Como arritmia secundaria en ausencia de la enfermedad cardíaca estructural, pero en presencia de una anormalidad sistémica que predispone a individuo a la arritmia .Como arritmia secundaria se asoció a la enfermedad cardiaca que afecta los atrios. (5, 7, 11,27)
Frecuencia: (1, 2,22,)
En los EE.UU.: El predominio es el aproximadamente 3% de la población del adulto de los EE.UU.;
La Incidencia es 1 caso por 1000 adultos por año.
Mortalidad/morbosidad:
Mucha de la morbosidad y algo de la mortalidad que resulta del AF son debido al movimiento. El riesgo del movimiento no es debido solamente al AF; aumenta substancialmente en presencia de la otra enfermedad cardiovascular. El riesgo atribuible del movimiento del AF se estima para ser 1.5% para ésos envejecido 50-59 años, y acerca al 30% para ésos envejecidos 80-89 años. (4, 5, 7, 19,21)

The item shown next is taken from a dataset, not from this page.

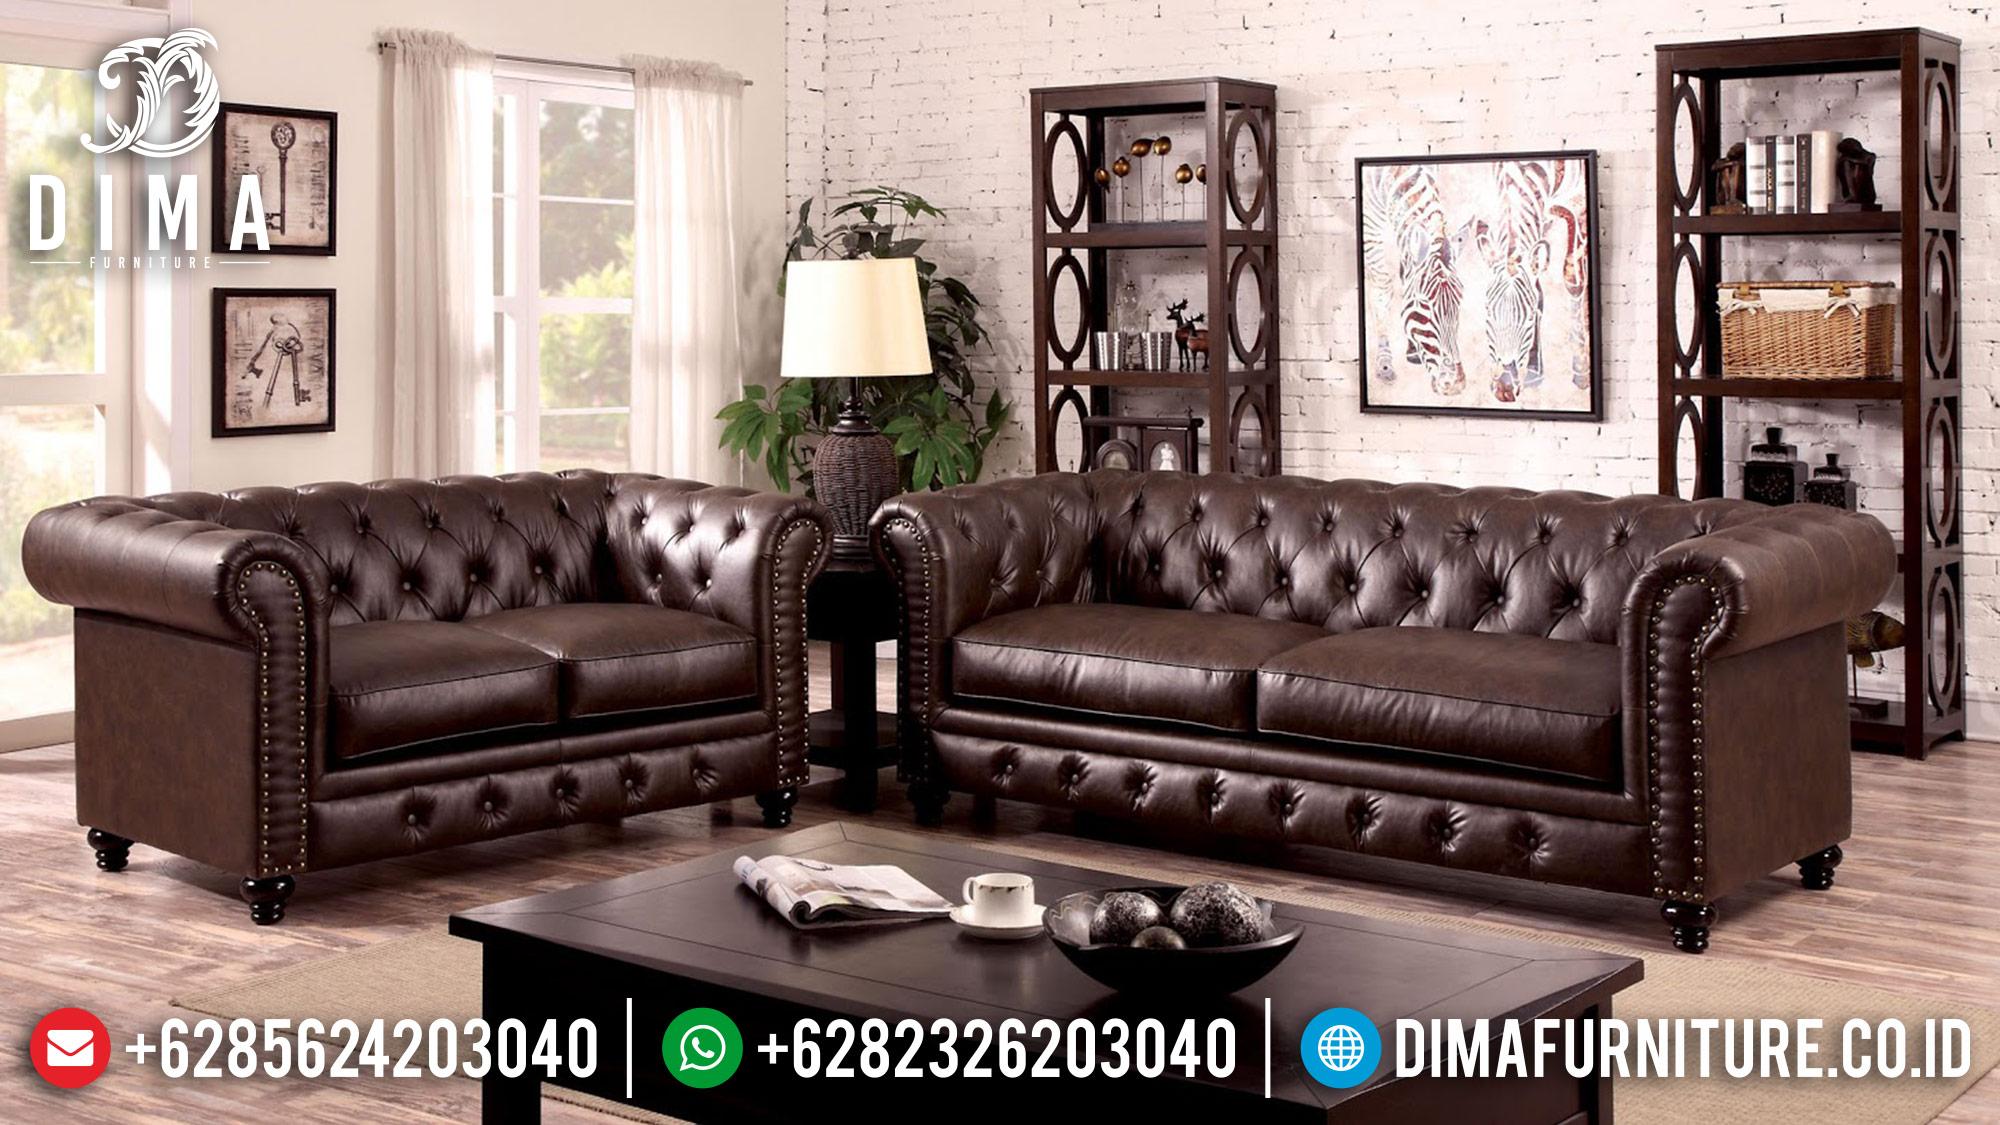 Sofa Tamu Mewah Terbaru, Kursi Tamu Mewah Jepara, Sofa Terbaru Minimalis DF-0478

El AF complica el infarto del miocardio agudo (IAM) en 5-10% de casos (5, 9, 13, 16). Las causas del AF en IAM se piensa ser debidas a cualquier número de factores, tales como infarto atrial, de lesión isquémica atrial, de la distensión atrial, o, quizás, del pericarditis.
Según Rathore, y otros, los pacientes que desarrollaron el nuevo-inicio AF durante el curso del infarto del miocardio (IM) estaban en un riesgo más alto que los pacientes que presentaron con el AF crónico. Los pacientes con el IAM y el AF tienden para ser más viejos, por ser menos sanos, y por tener resultados más pobres durante la hospitalización y después de descarga que individuos sin el AF. El AF se asocia independientemente a un índice de mortalidad creciente.
Sexo: La incidencia es más alta en hombres que en mujeres. (14, 17, 20,21)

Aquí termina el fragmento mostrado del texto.